About the Foundation.
At The Mighty Quinn Roma Foundation (TMQRF), we understand that when a child is battling cancer, every moment matters. Founded in 2015, our mission is to stand beside families as they navigate the unimaginable challenges of a pediatric cancer diagnosis. We focus on helping with the small stuff—so parents can focus on what truly matters: their child. From clearing snowy driveways after long hospital stays to providing meals and essential support, we step in where families need us most. No parent should have to choose between caring for their sick child and managing daily responsibilities, and we are here to ensure they never have to.
Why We Started.
Our journey began when our daughter, Quinn, was diagnosed with a brain tumor in 2012 and again in 2013. After a long day of chemotherapy, we returned home exhausted—only to find our driveway buried in snow. The overwhelming reality of managing both our daughter's treatment and everyday responsibilities became painfully clear. We knew other families faced the same struggles, and we wanted to make a difference. That's why we created The Mighty Quinn Roma Foundation—to lighten the load for families fighting childhood cancer by providing practical, hands-on support.
Quinn's Fight
At just two years old, Quinn’s life took an unexpected turn. What started as a normal day at daycare ended in a nightmare when we received a phone call—she was unresponsive and being rushed to Connecticut Children's Medical Center. In that moment, everything changed.

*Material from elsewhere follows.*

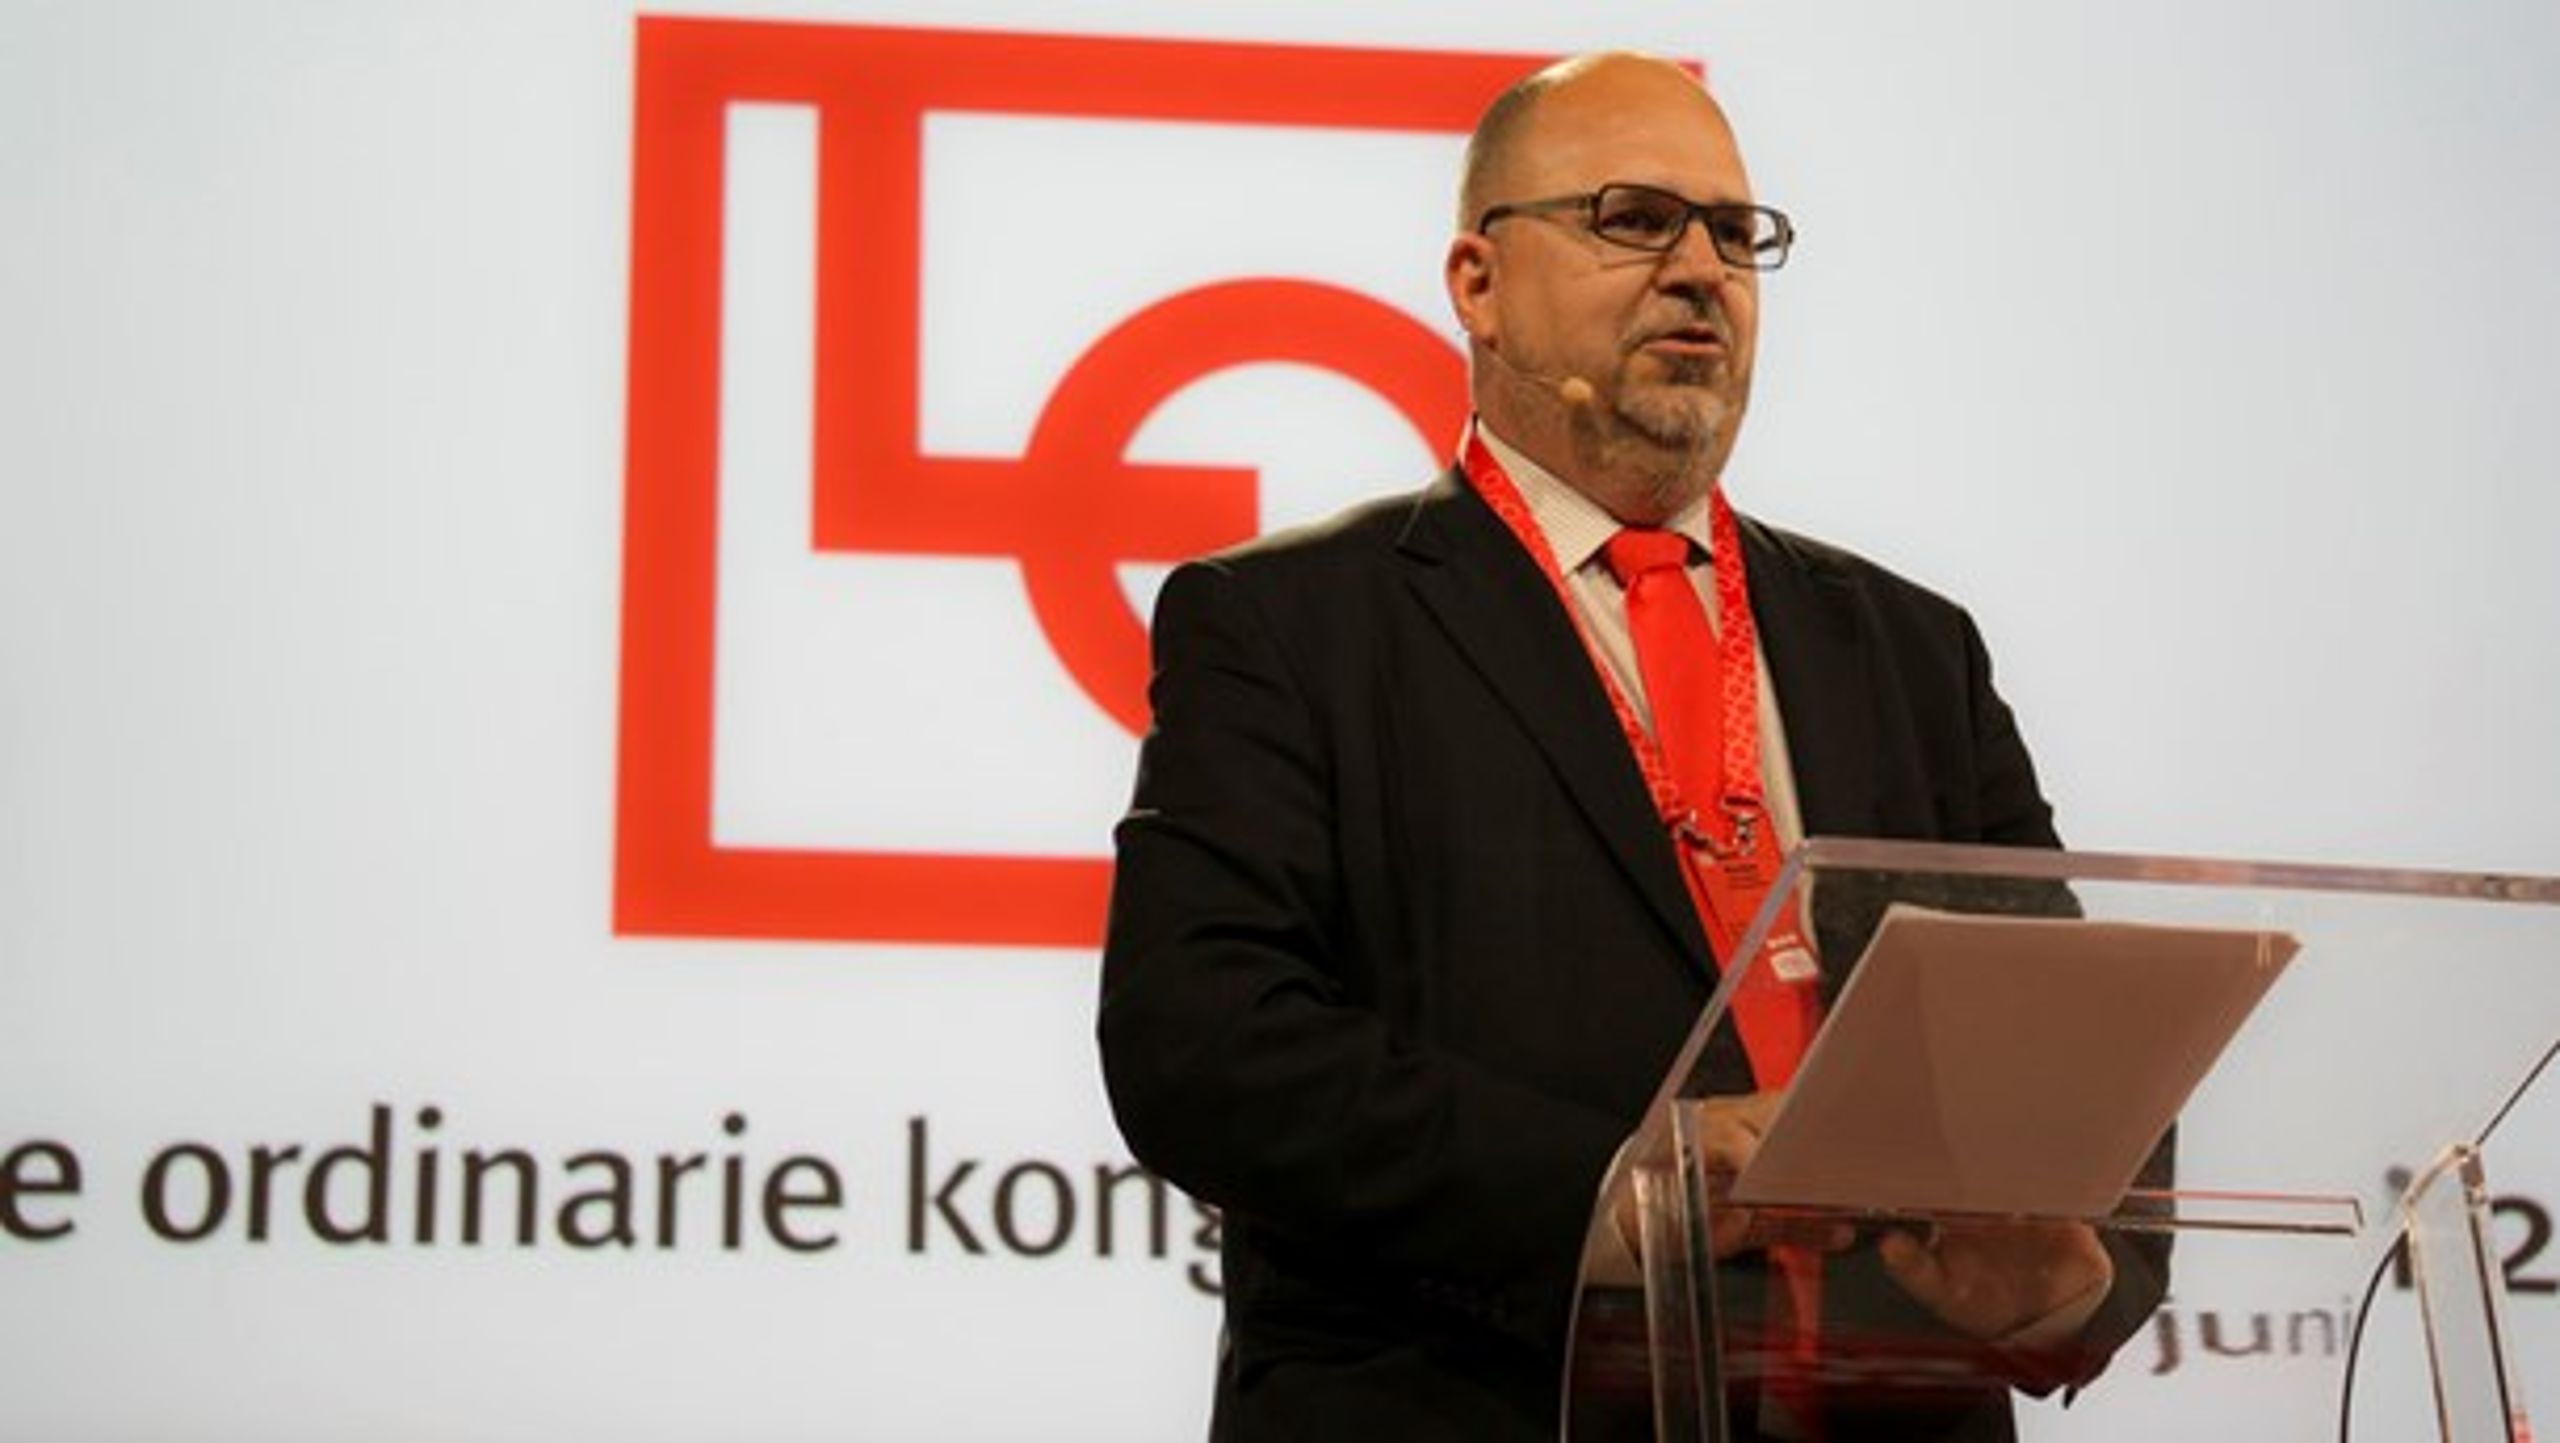 Karl-Petter Thorwaldsson, omvald ordförande, talar på LO-kongressen.

Doctors discovered a brain tumor—a diagnosis of Juvenile Pilocytic Astrocytoma (JPA)—and Quinn was taken into emergency brain surgery. We thought the worst was behind us, but just eight months later, the tumor returned. This time, the surgeons couldn’t remove all of it, and Quinn’s fight was far from over. She began an 18-month journey through chemotherapy, a treatment plan that stretched on even longer due to low blood counts and frequent hospitalizations.
The side effects of treatment were relentless. Her tiny body struggled to recover between rounds of chemo, and we faced weeks of delays when her counts were too low to proceed. Blood transfusions became routine, and we called them “go juice” because of the temporary burst of energy they gave her. Hospital stays became our new normal, and keeping a toddler entertained while being hooked up to IVs was a challenge we tackled daily.

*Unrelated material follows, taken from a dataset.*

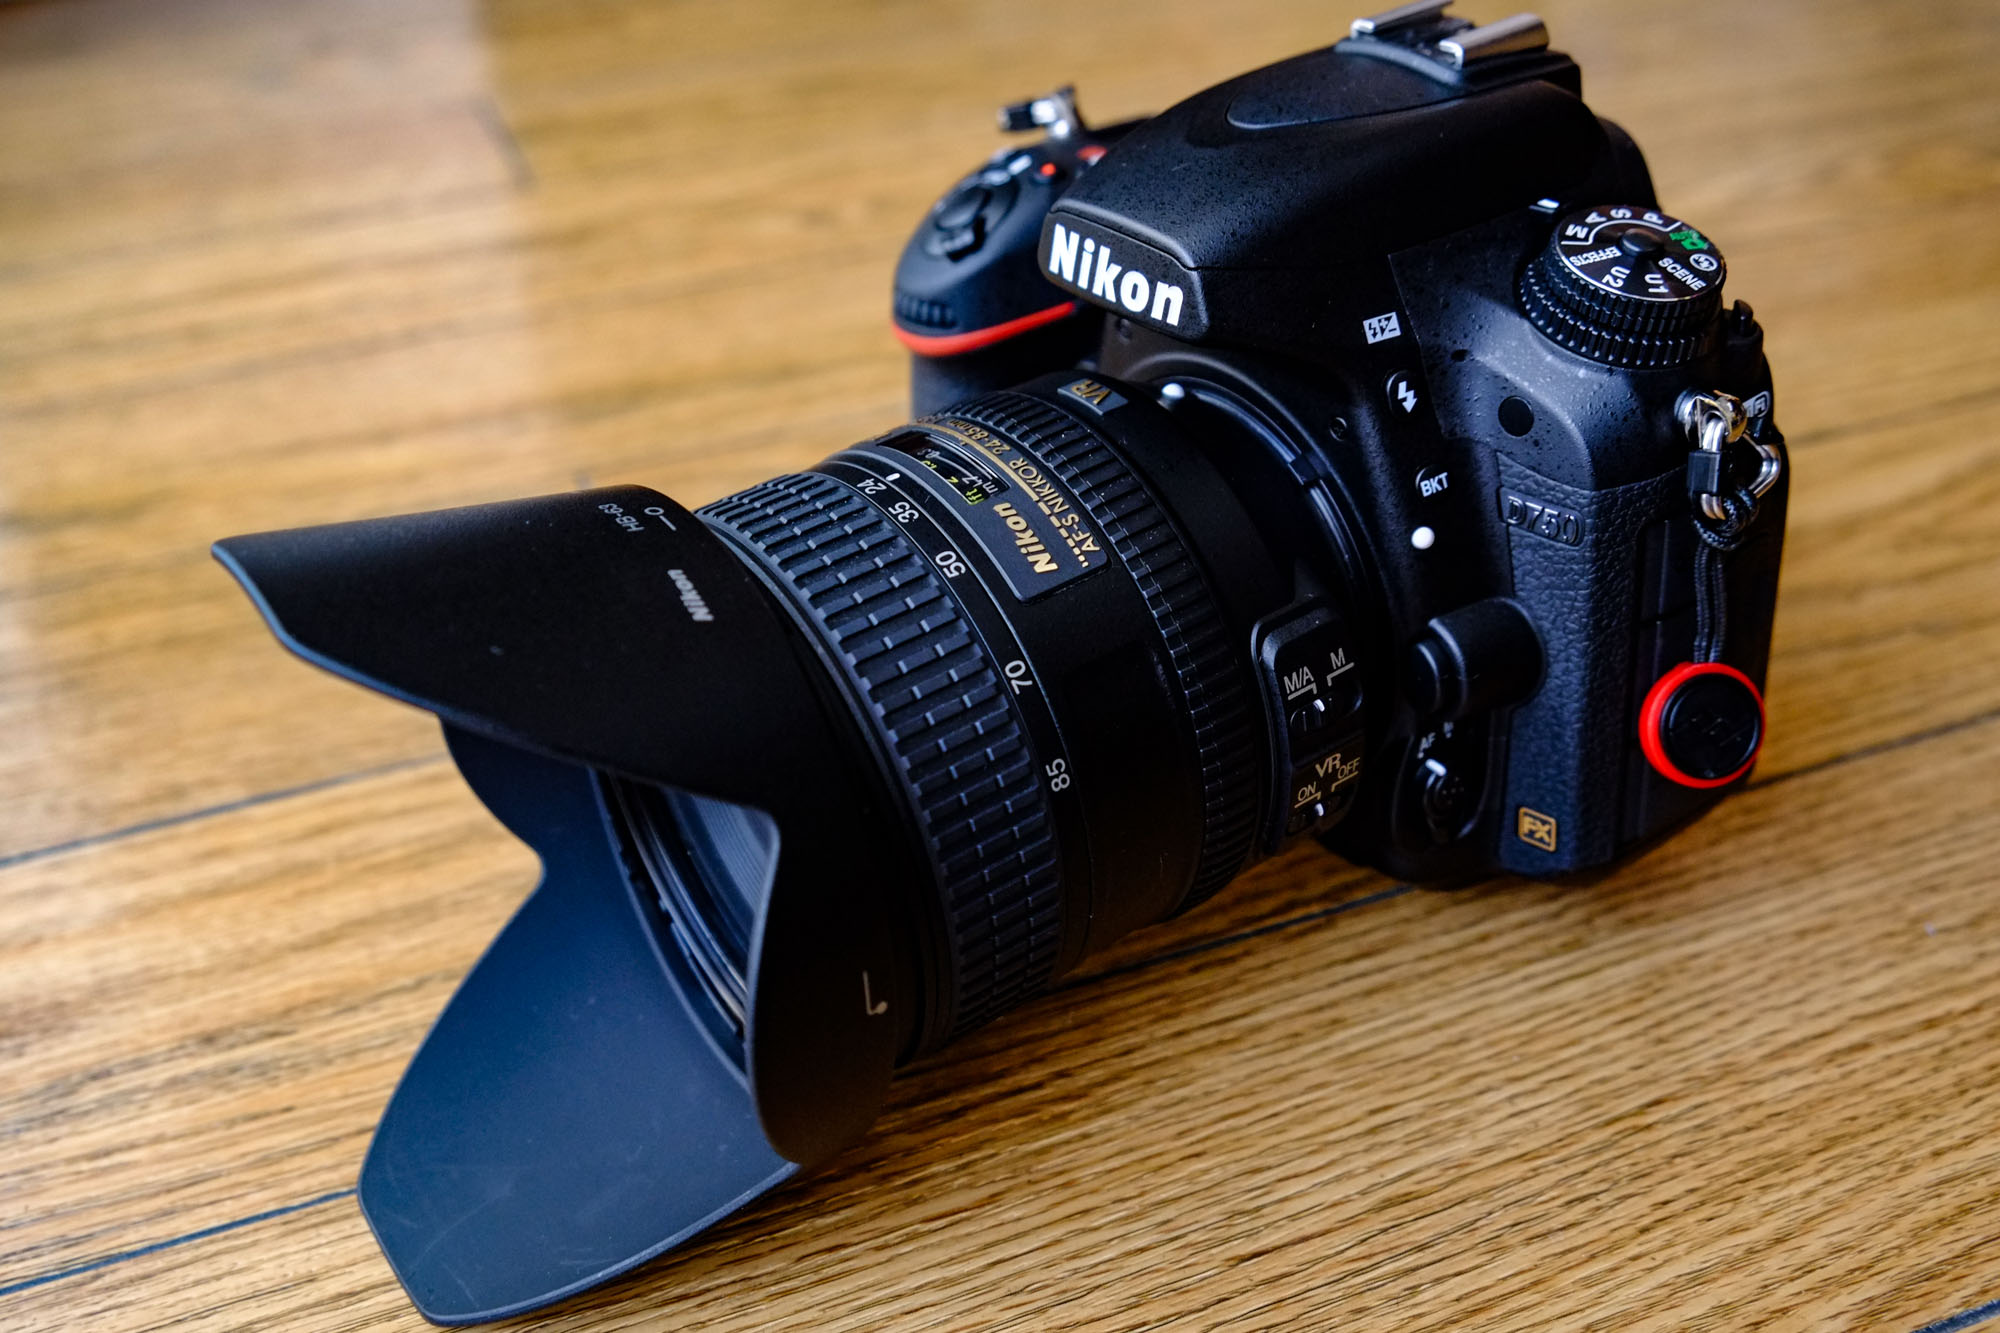 Nikon ニコン AF-S 24-85mm F3.5-4.5G VR レンズ 数々の賞を受賞

Through it all, Quinn remained resilient. We found ways to turn fear into play, distracting her with anything that could bring a moment of joy. The medical team at Connecticut Children’s Medical Center became our second family, and we leaned heavily on the support of other pediatric cancer families.
Quinn endured more in her early years than most will in a lifetime. Her fight with JPA was brutal, exhausting, and unfair. But through every setback, every transfusion, and every painful procedure, she proved time and time again that she was mighty.
We wanted to bring comfort to families in their darkest moments. We saw the gaps in support—the everyday struggles that no one was addressing. So, we created a foundation that steps in, lightens the load, and ensures no family fights alone.
Quinn Today
Today, Quinn is 15 years old, and she is nothing short of amazing. While her battle with Juvenile Pilocytic Astrocytoma is behind her, she still goes in for annual brain scans to ensure everything remains stable. Thankfully, her long-term side effects have been minimal, and thanks to the incredible survivorship program at Connecticut Children's, she continues to receive the best care possible.
Despite everything she has been through, Quinn doesn’t dwell on the past—because she (thankfully) doesn’t remember much of it. She was so little when she underwent surgeries and chemotherapy that the memories have faded. But as parents, we remember every scan, every transfusion, every long night in the hospital. And while we carry those memories for her, we also carry immense pride in the strong, compassionate, and driven young woman she has become.
Quinn’s heart is as big as her dreams. She loves kids and wants to become a pediatric oncology nurse—a full-circle moment that speaks to her empathy and resilience. Or maybe a professional volleyball player. Either way, she’s determined to make an impact.
Cancer may have been part of Quinn’s past, but the pediatric cancer community remains part of her present and future. As a family, we stay deeply involved, attending camps like Hole in the Wall Gang Camp and Camp Rising Sun, where Quinn has made lifelong friendships. These camps provide a rare space where kids who have battled cancer can just be themselves—laughing, sharing, and forming bonds. But with that closeness also comes loss, and we have experienced the heartbreak of saying goodbye to friends who lost their fight.
That’s why we continue to advocate, support, and give back. We take part in events like PJ Day for the Kids, support Connecticut Children's, and even work with organizations like Circle of Care, where our team helps redo bedrooms for kids battling cancer—because every child deserves a space that brings them comfort. This year, Quinn and I will head to Washington, D.C., to fight for increased funding for brain tumor research, making sure the voices of children like her are heard.
Now a high school freshman, Quinn is thriving. She has thrown herself into volleyball, a sport she absolutely loves, and she’s already thinking about colleges for nursing.
We are so incredibly proud of this kid—she is, and always will be, The Mighty Quinn.